In Adecco UK Ltd and Others v HMRC [2015] UKFTT 0600 (TC), the FTT has considered the VAT liability of an employment business in respect of work carried out by temporary workers.


The taxpayer provided recruitment services. It provided its clients with three types of temporary workers: employed temps, non-employed temps and contract workers. The appeal was only concerned with non-employed temps.

The taxpayer accounted for VAT on the full charge paid by its clients for the services of  temps. In other words, it accounted for VAT on both the charge paid by the client (which represented the wages paid to the temp) and it accounted for VAT on the charge it retained (the commission element).

Following the decision in Reed Employment Ltd [2011] UKFTT 200 (TC), in which the FTT held that an employment bureau was not liable to account for VAT on the element of the charge representing wages, the taxpayer submitted repayment claims to HMRC.

HMRC rejected the taxpayer’s claims on the basis that it supplied the services of non-employed temps and was not merely supplying the service of introducing temps to its clients. There were other grounds for rejection of the claim, such as whether the claim was in time and whether HMRC had a defence of unjust enrichment, but the preliminary issued before the FTT for determination was the question of liability.

The taxpayer argued that the economic reality of the contracts was for it to provide a service  of introducing candidates for temp roles to its clients. The consideration for doing this was the commission element of the payment paid by the client. The element which represented wages was not consideration for any supply made by it.

The FTT’s decision

The taxpayer’s appeal was dismissed. The FTT held that the taxpayer was liable for VAT on the whole amount received by clients ie the wages and the commission elements.

In reaching its conclusion, the FTT analysed the contractual position.

Both parties accepted that there was no contractual relationship, actual or implied, between the temp and the client. There was a tripartite arrangement between the temp, the taxpayer and  the client. The temp contracted with the taxpayer, and the taxpayer with the client.
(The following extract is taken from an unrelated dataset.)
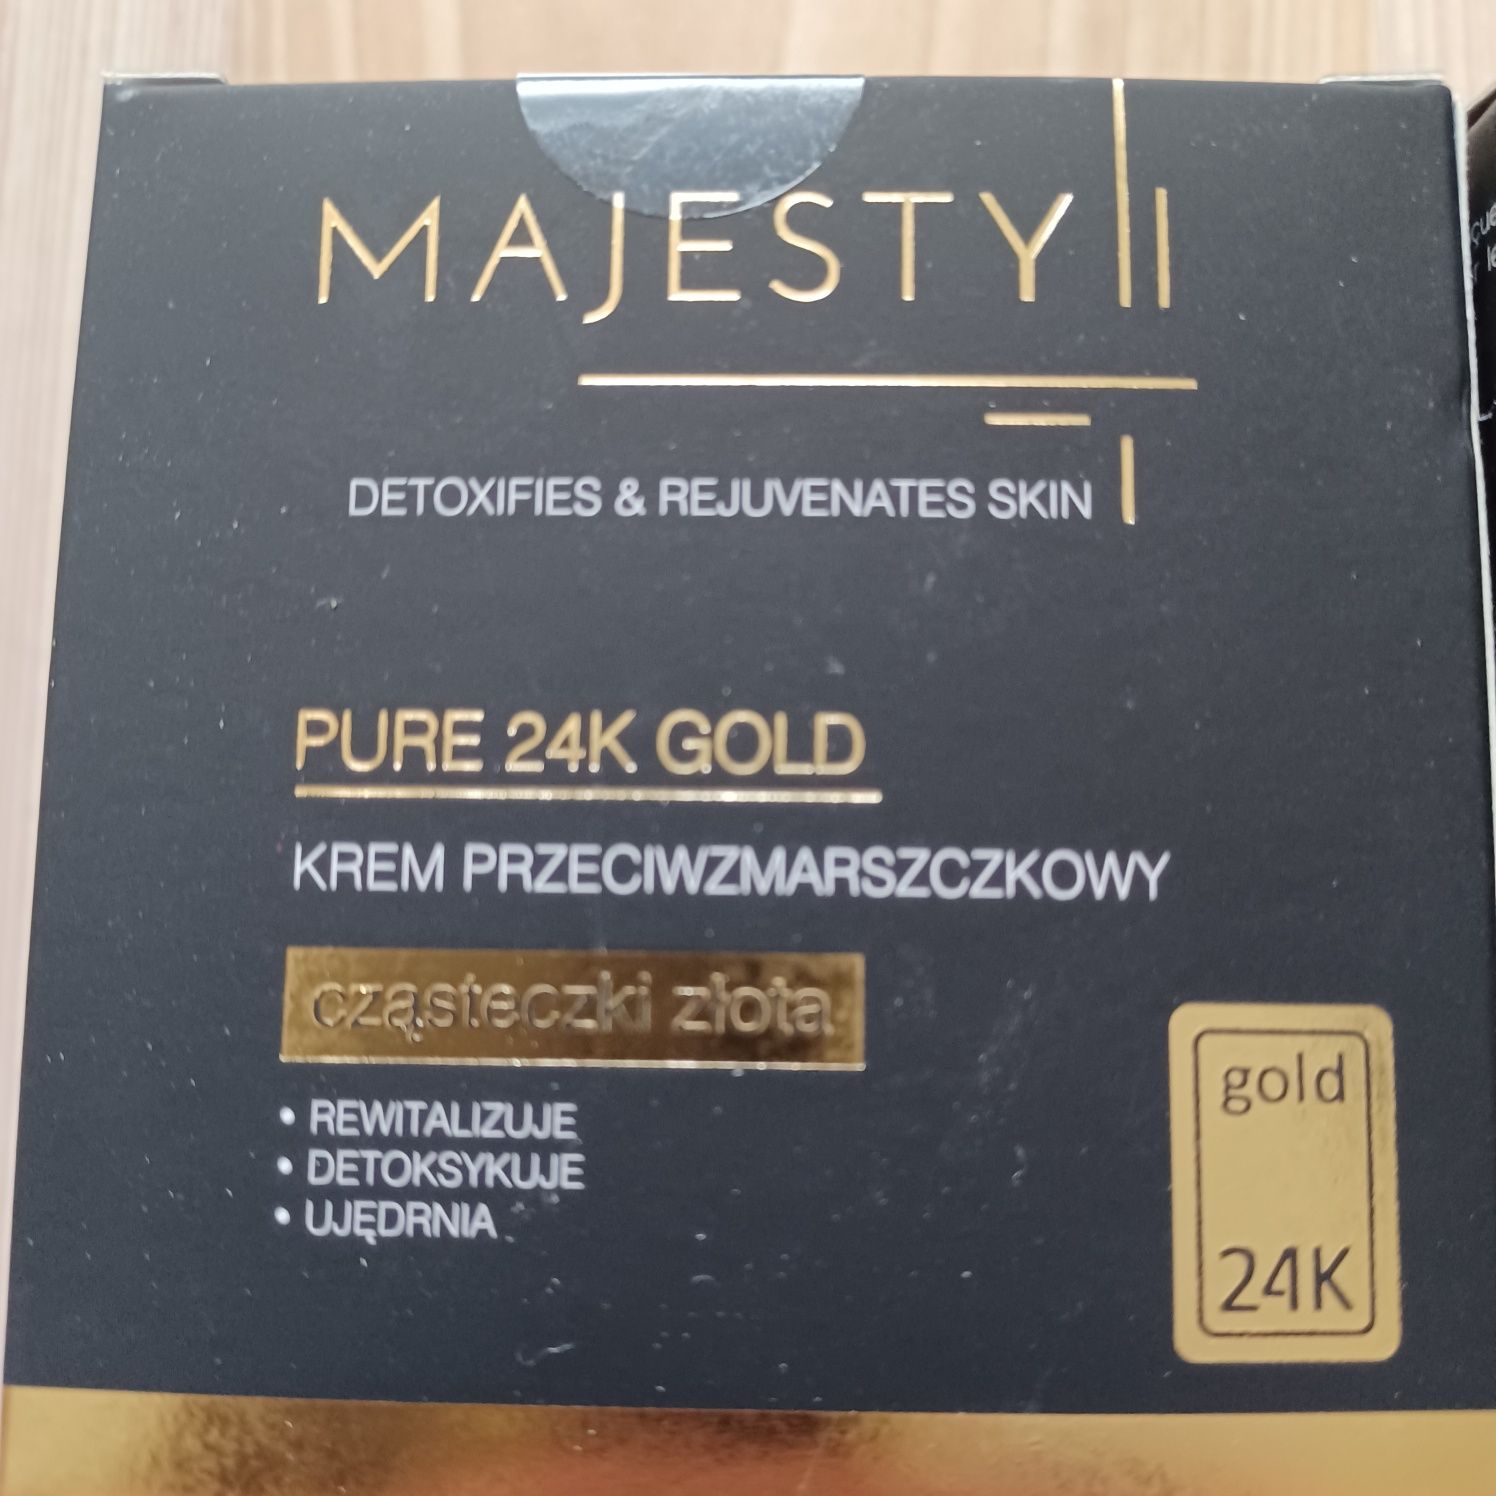 Krem Majesty GOLD przeciwzmarszczkowy z 24 K złotem/-80% ceny

There was no need for a contract between the temp and the client.  The FTT also concluded that there was no legal relationship between the temp and the client.

In considering the contractual position, the FTT considered the legal position between the taxpayer and the temp on the one hand and the temp and the client on the other. A key factor was the obligation of the taxpayer to pay the temp even if the client did not pay the taxpayer. This meant that the client received workers who would carry out the assignments but to whom it had no responsibilities such as the payment of wages. In the FTT’s view, the temp owed a legal obligation to the taxpayer to carry out the assignment and the taxpayer owed the temp a legal obligation to pay the temp for the work he carried out. At the same time the taxpayer owed the client a legal obligation to have the work carried out by the temp and the client owed the taxpayer a legal obligation to pay for that work.

The FTT emphasised that the contractual position was not determinative of by and to whom supplies were made for VAT purposes. To determine the correct VAT treatment, the FTT considered relevant case law on the VAT treatment of tripartite arrangements and the impact of “economic realities” of the arrangements. The key question was whether the “economic realities” of the arrangements meant the contracts did not reflect the VAT supply.

The FTT considered the Reed Employment case but rejected the reasoning of the FTT in that case. The FTT also considered Redrow [1999] UKHL 4, Loyalty Management C-53/09, LMUK/ Amia [2013] UKSC 15, Baxi Group Ltd C-55/09, WHA [2013] UKSC 24 and Airtours Holidays Transport Ltd [2014] EWCA Civ 1033.

From the case law, the FTT identified the following two principles:

  • if B agrees to pay A to provide goods or services to C, and C agrees with B to pay for those goods or services, then the Redrow approach applies and the recipient is determined according to who provides the consideration
  • however, where a Redrow analysis does not lead to tax on final consumption (where A makes a supply to B, but B does not on-supply to C) then applying Baxi/WHA, economic reality requires the supply to be seen as made to the final consumer.

The FTT held that the taxpayer’s case fell within 1 above and so applying the Redrow approach, the taxpayer was the recipient and had to account to HMRC for VAT on the full fees received from clients.


The FTT chose not to follow the decision of a differently constituted FTT in Reed Employment. Given the disparity between the two decisions, further appeals seem likely in order to clarify the VAT treatment of such taxpayers.